À part que je n’ai rien à reprocher à mes parents et que j’ai des frères et sœur qui ne sont pas diagnostiqués (de là à dire « normaux » :p), ces théories sont délétères car elles essaient de traiter un problème au mauvais endroit (en soustrayant l’enfant à sa famille, en n’appliquant pas des méthodes qui, elles, ont une vraie base scientifique, même s’il y a aussi plein de controverses sur l’ABA, par exemple). Elles culpabilisent des parents qui essaient bien souvent juste de faire de leur mieux. ELLES N’ONT RIEN DE SCIENTIFIQUE. Ah, et aussi, même si j’ai douté de mon existence à cause du masking et du burn-out, j’ai une personnalité. Je ne suis pas une forteresse vide. Je m’attache de façon particulière aux gens (et j’en ai beaucoup culpabilisé !), mais j’ai une existence sociale et émotionnelle. La base, en fait. On est des humains, quoi. Et cette théorie en doute sans rien nous demander (ok, de base, ils ont fait leurs petites théories avec seulement des non-verbaux ou des cas dits lourds, ceux qui pouvaient être diagnostiqués dans les années 40, donc ils ne se sont sûrement pas embêtés à demander…).

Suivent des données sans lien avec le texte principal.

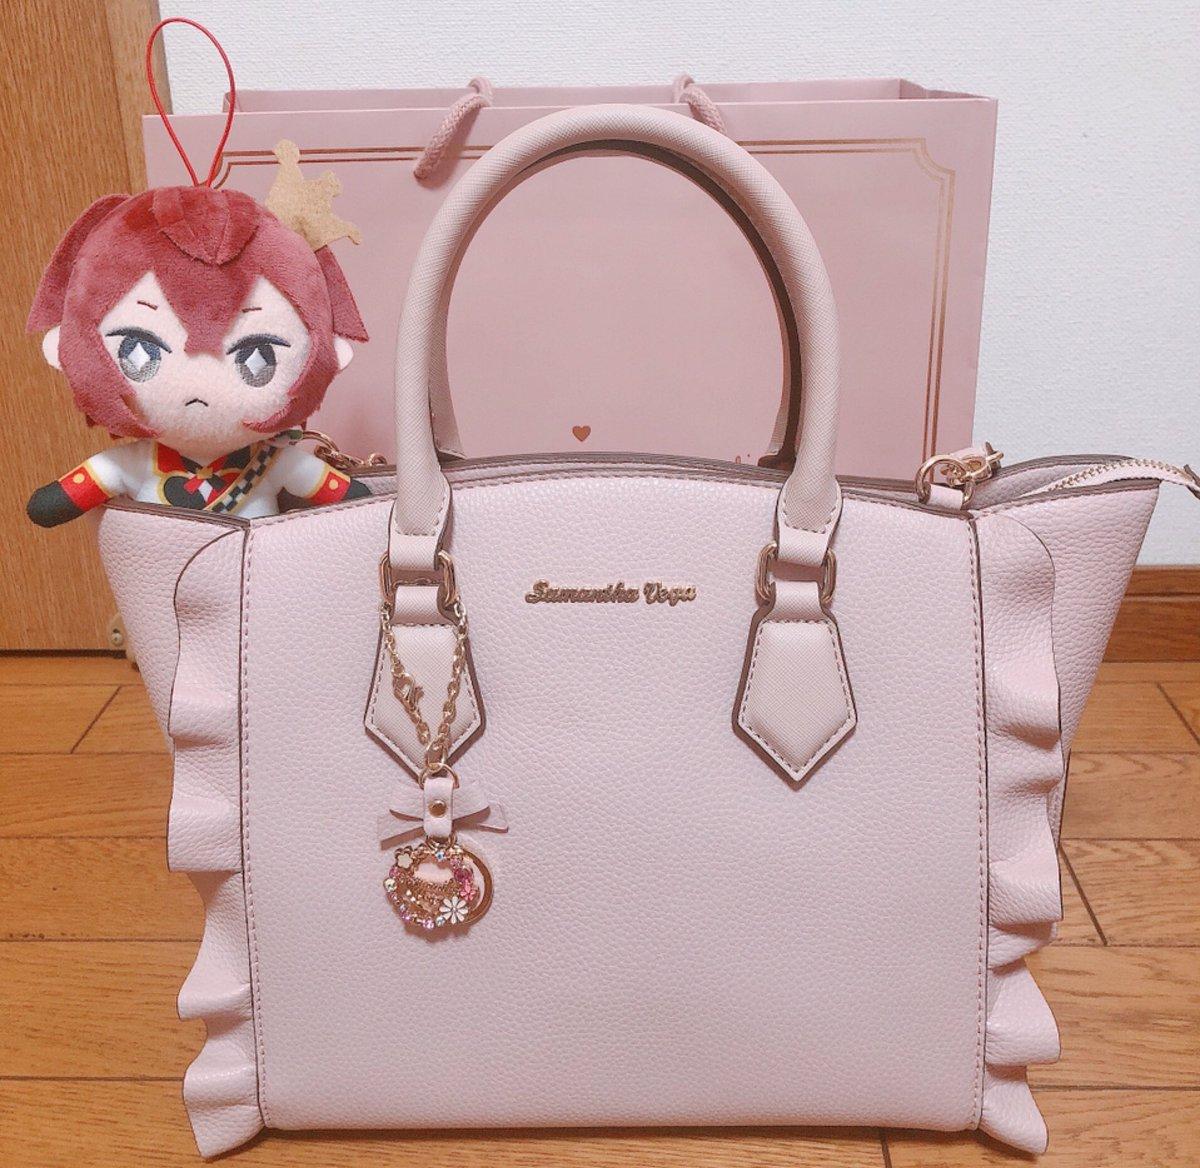 新しい鞄✨就職の祝いに買ってもらった(*ˊᵕˋ*)可愛い

Bref. Je peux voir l’espèce de rhétorique bizarre qui a convaincu les gens dans les années 50, et je ne dis pas que l’idée était monstrueuse en soi – dans le sens où il y aurait pu y avoir une composante acquise, pourquoi pas. Surtout s’ils n’ont considéré que les non-verbaux sans s’intéresser à la richesse de leur monde intérieur, donc c’est difficile de savoir ou de faire de la recherche psychologique. Mais c’est tout le problème. Si on ne peut pas expérimenter et faire des études, comme toujours en psychanalyse, on ne peut rien prouver (l’inconscient n’est pas un sujet d’expérience possible).

De plus, depuis que j’ai écrit l’article j’ai lu l’histoire de Donald Triplett, le premier autiste diagnostiqué en 1943. Il n’était pas non-verbal. Il avait l’oreille absolue et était intéressé par la composition musicale. Qu’on m’explique comment on s’est dit « tiens, voilà quelqu’un qui n’a pas de personnalité ou d’humanité ». 😠

Depuis, de vraies expériences scientifiques ont prouvé le bénéfices d’autres approches et compréhensions (autisme ou autres sujets en psychanalyse), qui invalident ce qui n’est qu’une idée non prouvée.